Joe Quirk is an American author originally from Westfield, New Jersey. His latest book is Seasteading: How Floating Nations Will Restore the Environment, Enrich the Poor, Cure the Sick, and Liberate Humanity from Politicians. Quirk is also president of the non-profit Seasteading Institute.

==Work==
Quirk's novel The Ultimate Rush, published in 1998, concerns a rollerblading messenger caught in an illegal insider trading ring.

Quirk's nonfiction book It's Not You, It's Biology: the Science of Love, Sex & Relationships (originally titled Sperm Are from Men, Eggs Are from Women: The Real Reason Men and Women Are Different, as a retort to John Gray's Men Are from Mars, Women Are from Venus) is a relationships book grounded in science, presenting relationship advice heavily grounded in evolutionary psychology.

Quirk's 2009 novel Exult tells a story of love, death, and hope among a community of hang-gliders.

Quirk has also published a science/history book, Call to the Rescue: The Story of the Marine Mammal Center.

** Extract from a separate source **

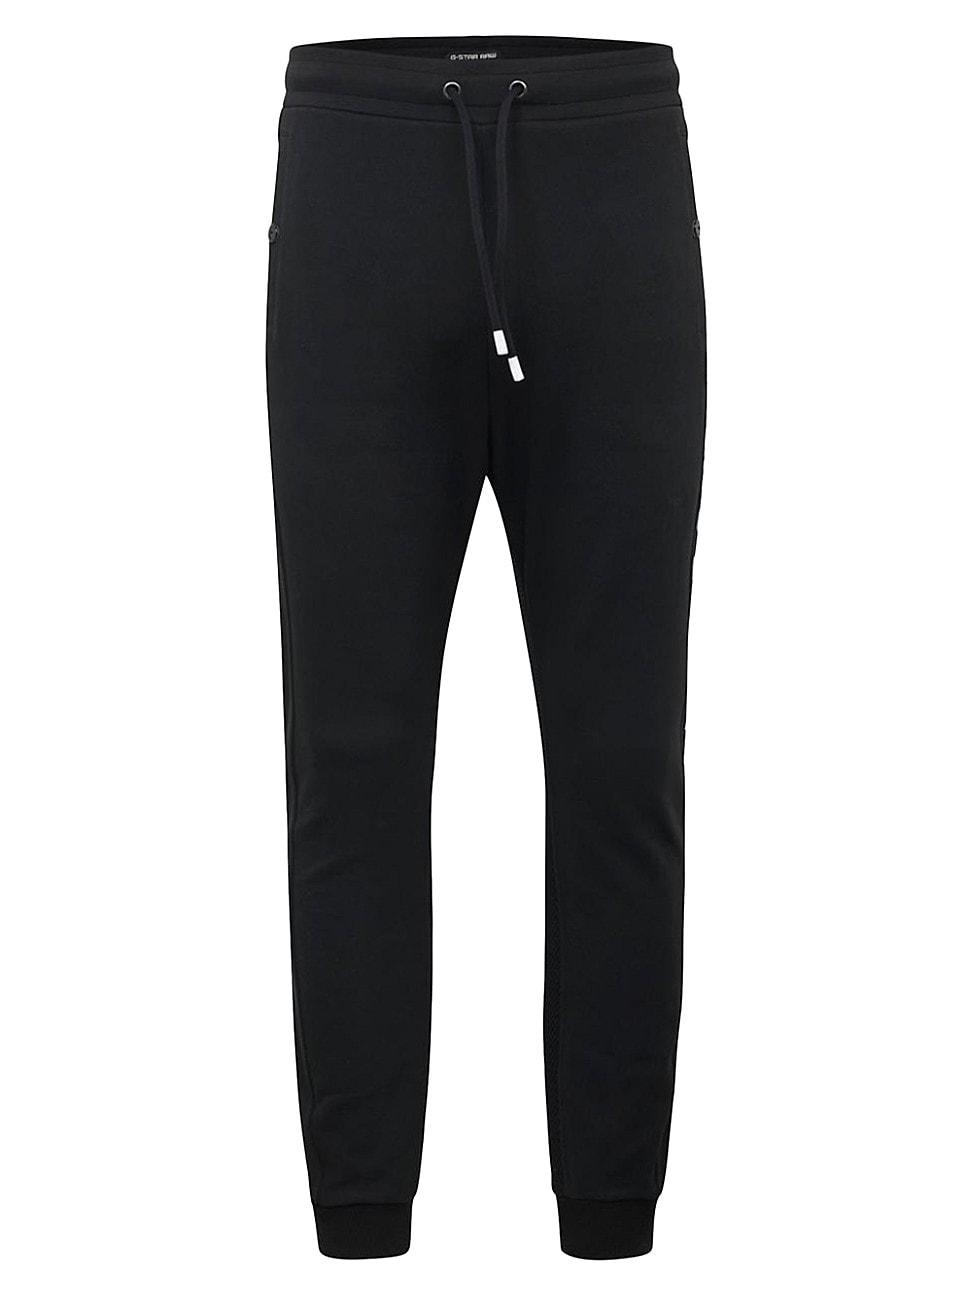 G-star Raw Women's Moto Mix Media Sweatpants In Dark Black

Since March 2014, Quirk has worked at the Seasteading Institute as an author and "seavangelist." At the Seasteading Institute, he authored a book with Patri Friedman on seasteading as a solution to multiple issues facing the globe. In 2019, he directed the documentary The First Seasteaders, about a prototype seastead built and deployed off the coast of Thailand.

==Controversy==
In 2011, a lawsuit claiming copyright infringement was filed by author Joe Quirk, claiming the movie Premium Rush was based on Quirk's screenplay from The Ultimate Rush. The suit claimed many plot, character name, and scene similarities to Quirk's original screenplay. In July 2012, federal judge Richard Seeborg declined to dismiss Quirk's claim that Sony Pictures, parent company of Columbia Pictures, had breached an implied contract. The production company Pariah, director David Koepp and co-screenwriter John Kamps are also named in the suit.

==Works==
- "Seasteading:How Floating Nations Will Restore the Environment, Enrich the Poor, Cure the Sick, and Liberate Humanity from Politicians" (2017)
- "The Ultimate Rush" (1998)
- "It's Not You, It's Biology" (2008)
- "Call to the Rescue: The Story of the Marine Mammal Center" (2009)
- "Exult" (2009)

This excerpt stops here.